1.  📈 [High-Performance Transformers for Table Structure Recognition Need Early Convolutions](https://arxiv.org/abs/2311.05565). ShengYun Peng, Seongmin Lee, Xiaojing Wang, Rajarajeswari Balasubramaniyan, Duen Horng Chau. In *NeurIPS Second Table Representation Learning Workshop*, 2023. (Oral)
2.  🚀 [Self-Supervised Pretraining for Table Structure Recognition Transformer](https://arxiv.org/abs/2402.15578). ShengYun Peng, Seongmin Lee, Xiaojing Wang, Rajarajeswari Balasubramaniyan, Duen Horng Chau. In *AAAI Scientific Document Understanding Workshop*, 2024. (Oral)
3.  🆕 [UniTable: Towards a Unified Framework for Table Structure Recognition via Self-Supervised Pretraining](https://arxiv.org/abs/2403.04822). ShengYun Peng, Seongmin Lee, Xiaojing Wang, Rajarajeswari Balasubramaniyan, Duen Horng Chau. ArXiv, 2024.

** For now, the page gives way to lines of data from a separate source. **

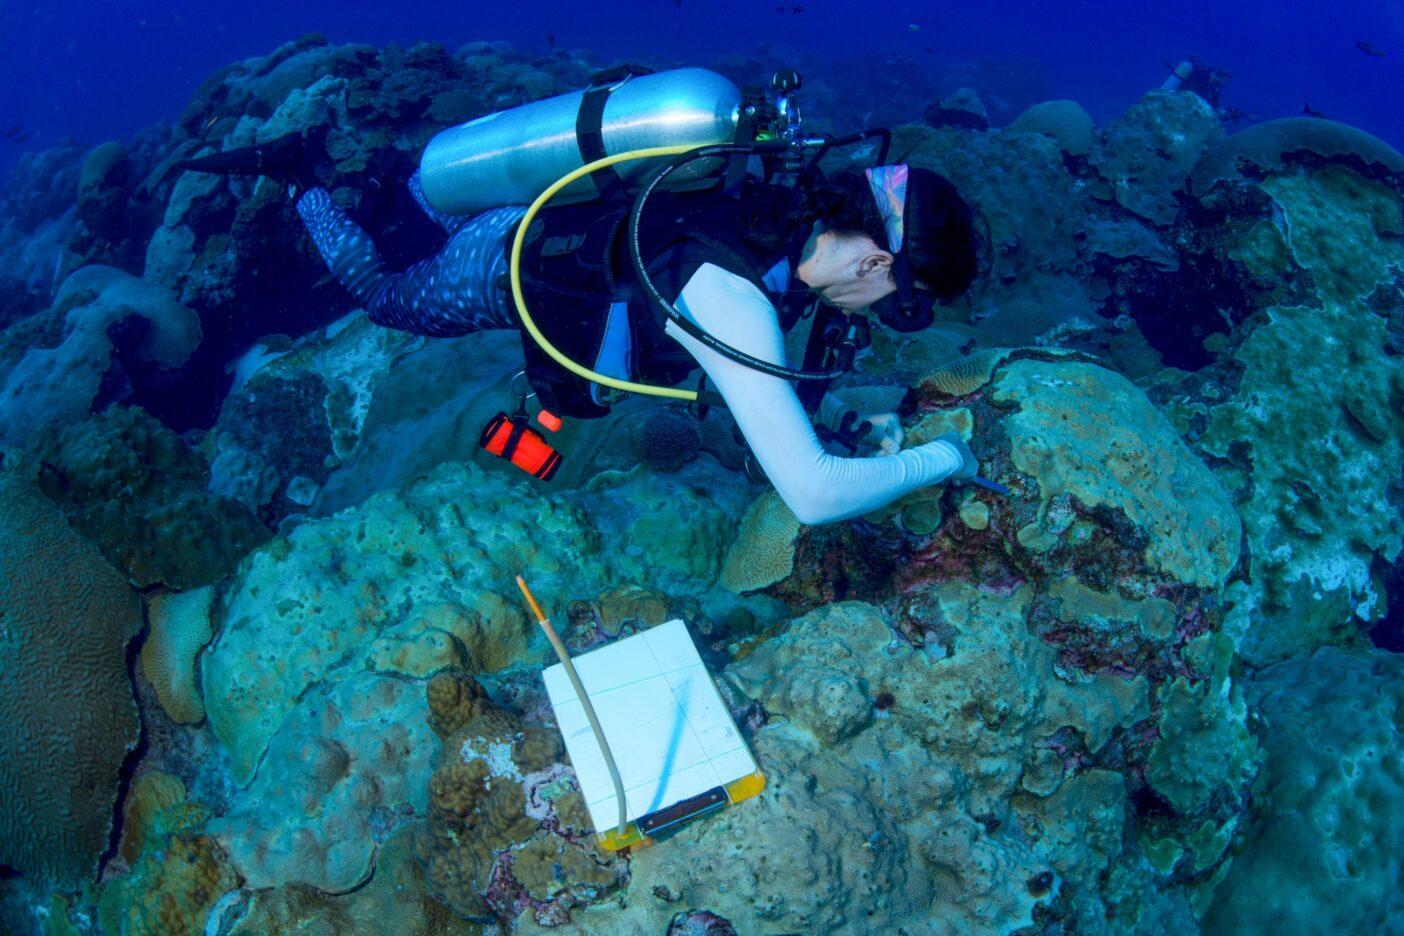 海洋生物学者は東部フラワーガーデン・バンクでサンゴの健康状態を調査する。Photo : Jesse Cancelmo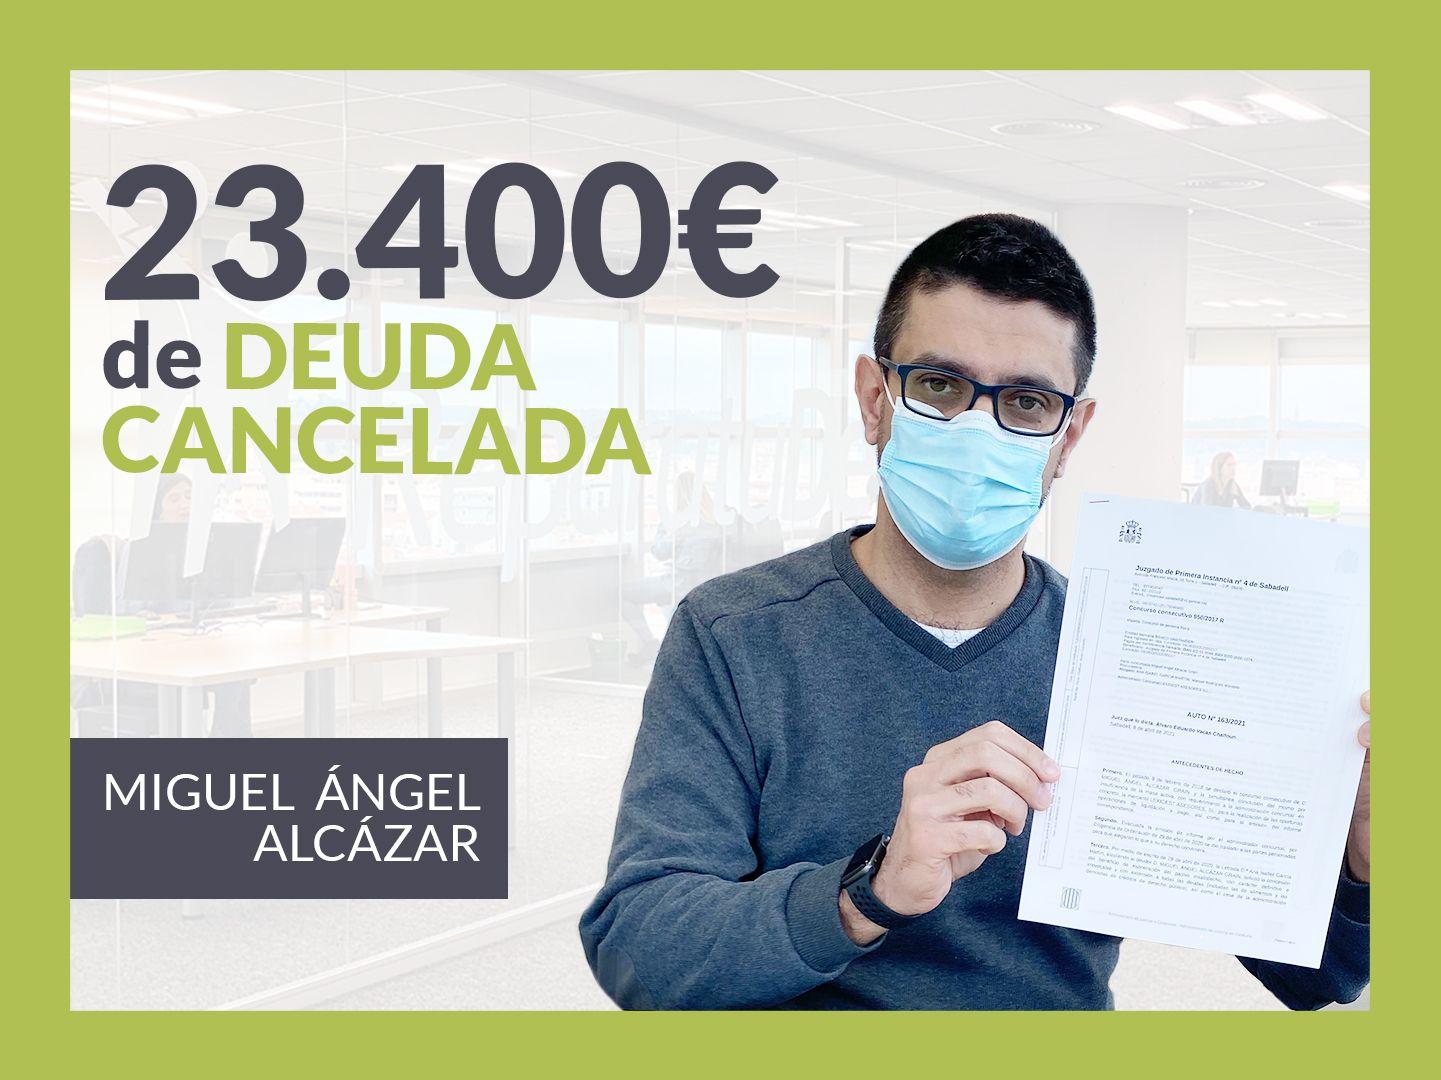 Repara tu Deuda Abogados cancela 23.400 ? en Sabadell (Barcelona) con la Ley de Segunda Oportunidad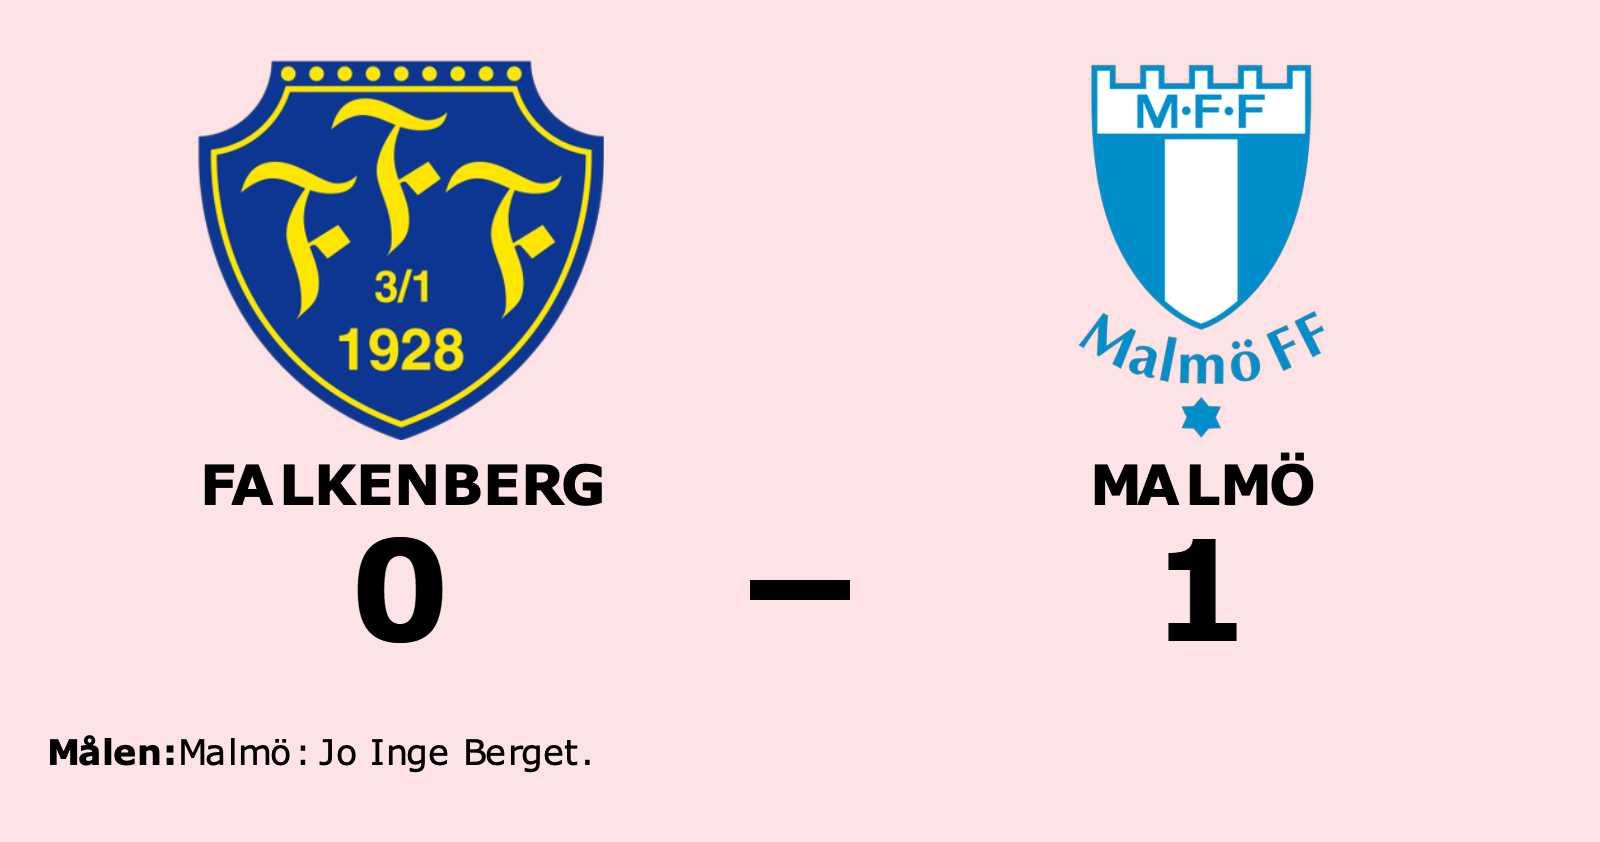 Jo Inge Berget målskytt när Malmö sänkte Falkenberg

Tables convey factual and quantitative data with implicit conventions created by humans that are often challenging for machines to parse. Prior work on table recognition (TR) has mainly centered around complex task-specific combinations of available inputs and tools. We present UniTable, a training framework that unifies training paradigm, training objective, and model architecture of TR.
Its training paradigm combines the simplicity of purely pixel-level inputs with the effectiveness and scalability empowered by self-supervised pretraining (SSP) from diverse unannotated tabular images. Our framework unifies the training of all three TR tasks — extracting table structure, cell content, and cell bounding box (bbox) — into a unified task-agnostic training objective: language modeling. Extensive quantitative and qualitative analyses highlight UniTable’s state-of-the-art (SOTA) performance on four of the largest TR datasets. To promote reproducible research, enhance transparency, and SOTA innovations, we have released the first-of-its-kind [Jupyter Notebook](./notebooks/full_pipeline.ipynb) of the entire inference pipeline, fine-tuned across multiple TR datasets, supporting all three TR tasks.

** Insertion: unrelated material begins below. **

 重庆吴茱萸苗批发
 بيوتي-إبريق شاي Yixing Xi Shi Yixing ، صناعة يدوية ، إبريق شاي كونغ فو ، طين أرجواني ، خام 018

> This repo includes code for linear projection Transformers. For convolutional stem (early convolution) Transformers, please check out our [tsr-convstem repo](https://github.com/poloclub/tsr-convstem). 

# News
`Apr. 2024` - You can fully digitalize your own tabular image in our [Jupyter Notebook](./notebooks/full_pipeline.ipynb).

`Apr. 2024` - UniTable v1.0.0 is now online with model weights available at [HuggingFace](https://huggingface.co/poloclub/UniTable/tree/main).

`Feb. 2024` - We presented "Self-Supervised Pretraining" paper at AAAI'24.

`Jan. 2024` - "Self-Supervised Pretraining" paper was selected as [oral](https://sites.google.com/view/sdu-aaai24/schedule?authuser=0).

`Dec. 2023` - "Self-Supervised Pretraining" paper was accepted by [AAAI'24 Scientific Document Understanding Workshop](https://sites.google.com/view/sdu-aaai24/schedule?authuser=0).

`Dec. 2023` - We presented "Early Convolutions" paper at [NeurIPS'23](https://x.com/RealAnthonyPeng/status/1735715161476866135?s=20).

`Oct. 2023` - "Early Convolutions" paper was selected as [oral](https://table-representation-learning.github.io/#accepted-papers).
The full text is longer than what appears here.